I can just hear the closet layden lovers whispering that it was layden who assembled this team and put the players in place should the Knicks turn it around under Thomas..

Is coach Chaney really the one who hurt layden by not playing Williams??


----------



## DaBiGjImMy (Jun 19, 2003)

i was wondering the same thing truth, somehow i feel that chaney is just a puppet of thomas right now and he is doing whatever isaiah says so that he doesn't lose his job......


----------



## Rashidi (Oct 2, 2003)

An inexperienced backup PG is not the savior of the Knicks.

I have been saying for how long to WAIT FOR THE END OF DECEMBER. You know, when I talk about the Knicks' tough schedule? I always say wait for them to start racking up wins against cupcake teams, teams the Knicks would not play until the end of December.

Well, they went on a 4 game win streak against those same cupcake teams I was referring to.

But nah, let's give 100% credit to a GM and a backup PG. I'd like to see how many wins the Knicks average against the Lakers/Spurs/Pacers with Thomas as GM instead of Layden before people crow about how great they are. The Knicks won games they were supposed to win. Regardless of who their starting PG and GM were.


----------



## truth (Jul 16, 2002)

*HEEEEEEEs back*

happy new year rashidi...

the board deperately needed your voice of dissension...:laugh: 

who is the inexperienced backup point guard you speak of??

Howard Eisly?????? Charlie Ward????? M Norris????















:sour: :sour: :sour:


----------



## Rashidi (Oct 2, 2003)

> who is the inexperienced backup point guard you speak of??


Use your noodle.


----------



## truth (Jul 16, 2002)

rashidi,you are a stats man....what the record without Frank Williams starting,and whats the record with him starting..Oh that right,you dont care about win/lost records....

yould rather analyse Howard eislys assist to turnover ratio......


----------



## Rashidi (Oct 2, 2003)

The Knicks have played a whopping 3 games with Williams in the starting lineup, all against cupcake teams. Maybe you should wait a month or two before basing your judgement on a one week stretch of play. Williams isn't going to be shooting 50+% all season long.


----------



## Medvedenko4Life (Dec 29, 2003)

So how bout that John Ameachi?


----------



## Rashidi (Oct 2, 2003)

> So how bout that John Ameachi?


He's getting waived tomorrow.


----------



## truth (Jul 16, 2002)

What is it you have against Frank Wiliams that makes you so stubborn???

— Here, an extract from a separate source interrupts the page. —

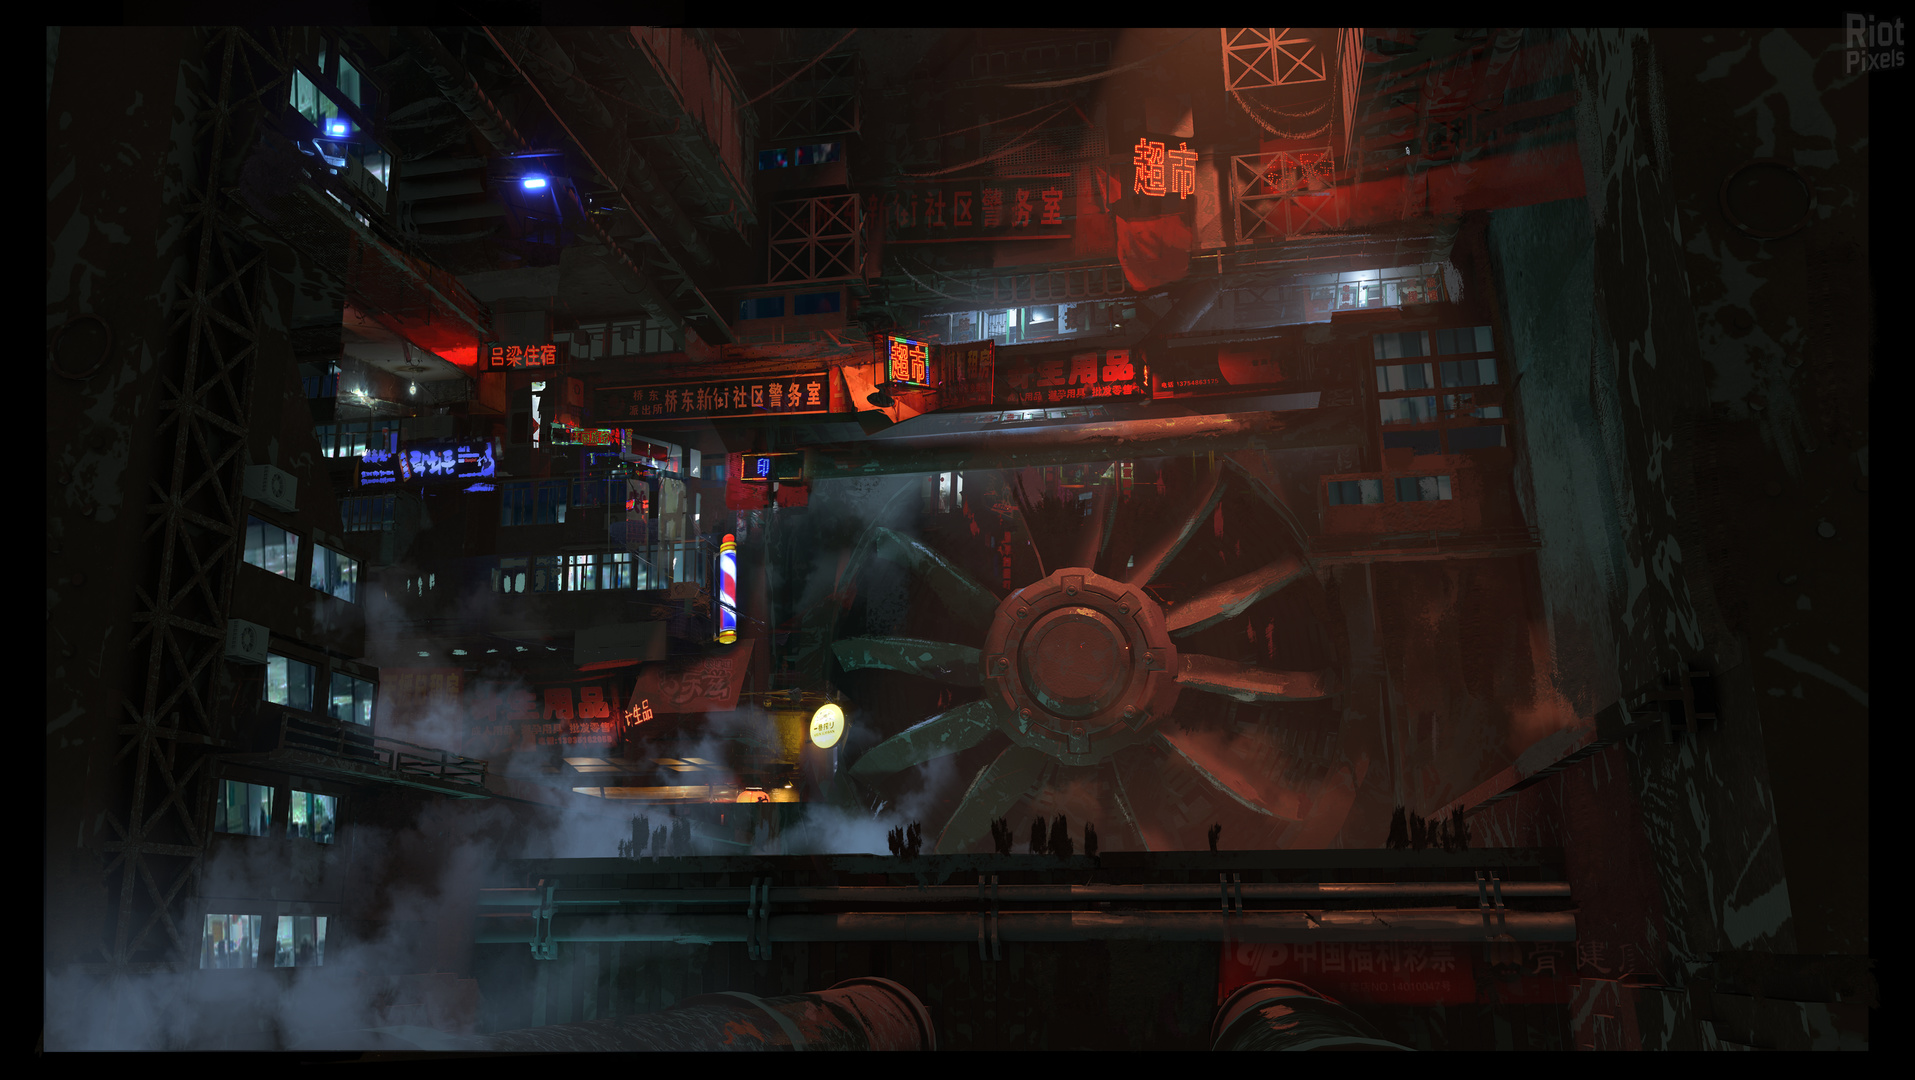 Ghostrunner Video Games Cyberpunk Science Fiction Futuristic Neon Neon Lights Artwork Digital Art 2D 1915x1080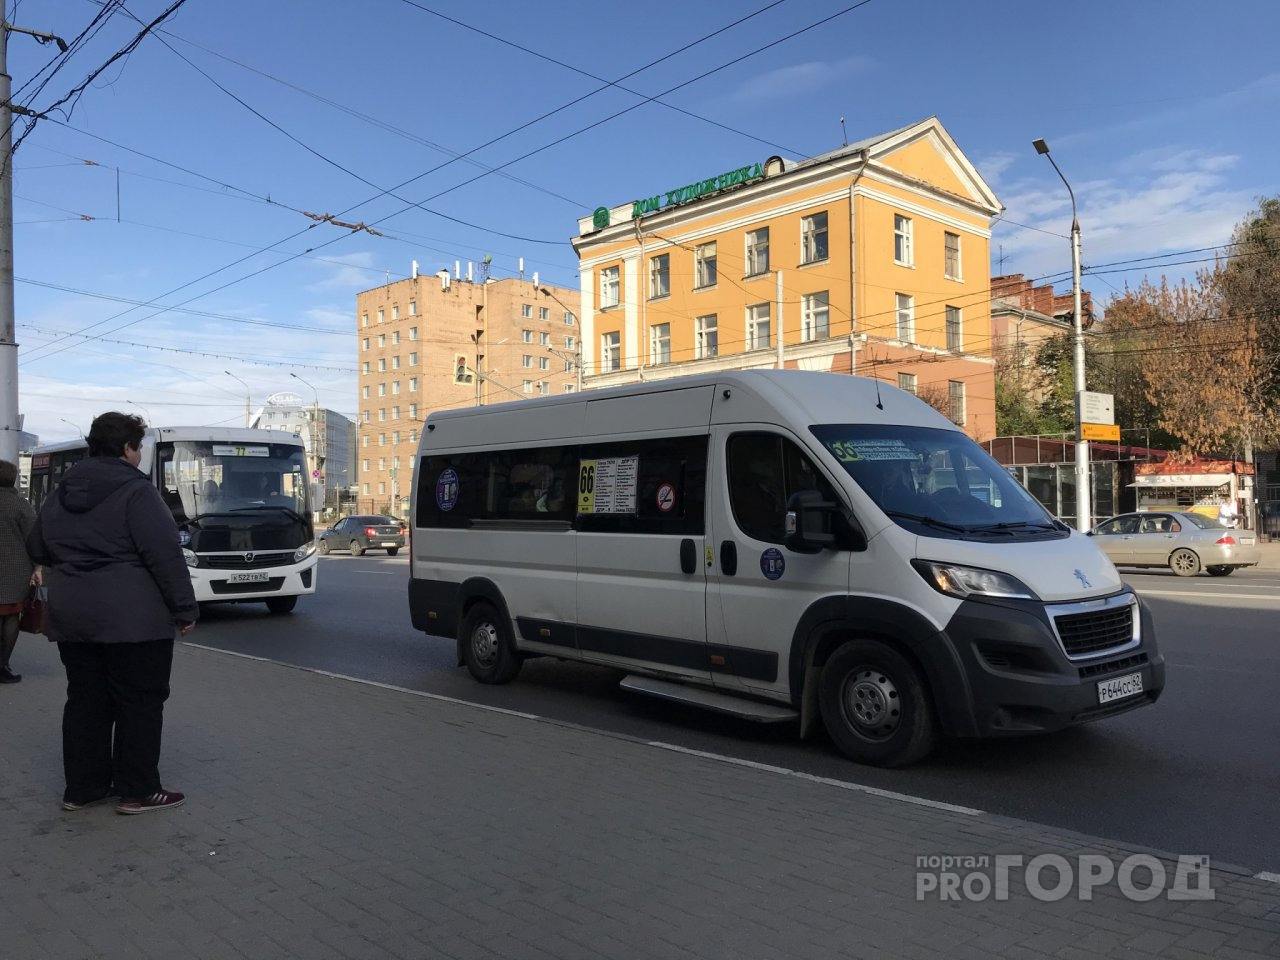 Кризис добрался и до рязанского транспорта: владелец 66 маршрутки рассказал о критической ситуации

Is it so hard to say...Dam,the guy proved me wrong..We really looked good with him starting

Having an opinion and being incorrect is no big deal....Sticking to your guns when you are clearly wrong(yes,for 4 games),is questionable...

And to be honest,and it is my judgemnt call,anything is better than Eisly...I can live with Ward...

Since you 
know Williams will not be shooting 50% all year long,should he not be starting??

And if not,just how does one develop a rookie on a losing team.Or a team that loses when he doesnt start


----------



## knicksfan (Jan 4, 2003)

well, we jus lost a game where frank was hurt. Id have frank in over ward ne day of the week. and i just want eisley off the team.


----------



## truth (Jul 16, 2002)

I am with you..Half the reason I watch the Knicks nowadays is to see Frank play..Its sukks that Dyss is going to need alot of time,so its great to see the promise and potential of Frank Williams..Plus if he keeps it up we can trade the rights to Vujanic


----------



## son of oakley (Dec 24, 2003)

Rashidi.

The threads like this one, where you are very cautious about Williams (nothing wrong with that), PLUS the other thread, where you assert a blind man can be a good prognosticator of basketball talent, have me wonder -- do you actually watch the Knicks play?

I don't mean it as an insult if you don't. It's just that a lot of us like Williams, not just because we think he's better than our other guards, or that we have a better record with him... but because... he's fun to WATCH.

So I'm wondering if the watching of games is part of the difference in philosophy between you and so many others?


----------



## truth (Jul 16, 2002)

Good point..The NBA is partially about entertainment,and without Williams in there the Knicks are DREADFUL to watch...

Now that Dyss is on the slow road,without Frank in there I can barely watch the Knicks as I often find myself switching to the Net games

I am not the biggest Williams fan in the world.In fact there is an article on hoophype where an NBA exec echoes Rashidis sentiments and brings up how slow of foot he is and how badly Van X and Claxton burned him..I dont necessarily agree,but the point is ,Frank is all we have,hes exciting and hes shown great potential,as opposed to Eisly and Ward who are certainly limited.


----------



## Rashidi (Oct 2, 2003)

> do you actually watch the Knicks play?


I have not seen them play in a week.


----------



## truth (Jul 16, 2002)

Rashidi doesnt need to watch them play to formulate an opinion...Its pretty obvious...


----------



## son of oakley (Dec 24, 2003)

> Originally posted by <b>Rashidi</b>!
> 
> I have not seen them play in a week.


That's fine. It's good to have balance in one's life.

But just to be clear... because if we were to take the hypothetical that I have never driven a car, and you asked me if I drive, I could say I haven't driven in a week, and it would be the truth, but not get at what you are asking.

So my question is, do you currently watch them with some regularity? Like at least 20% of their games?


----------



## Rashidi (Oct 2, 2003)

80% of their games. I went on vacation last week.


----------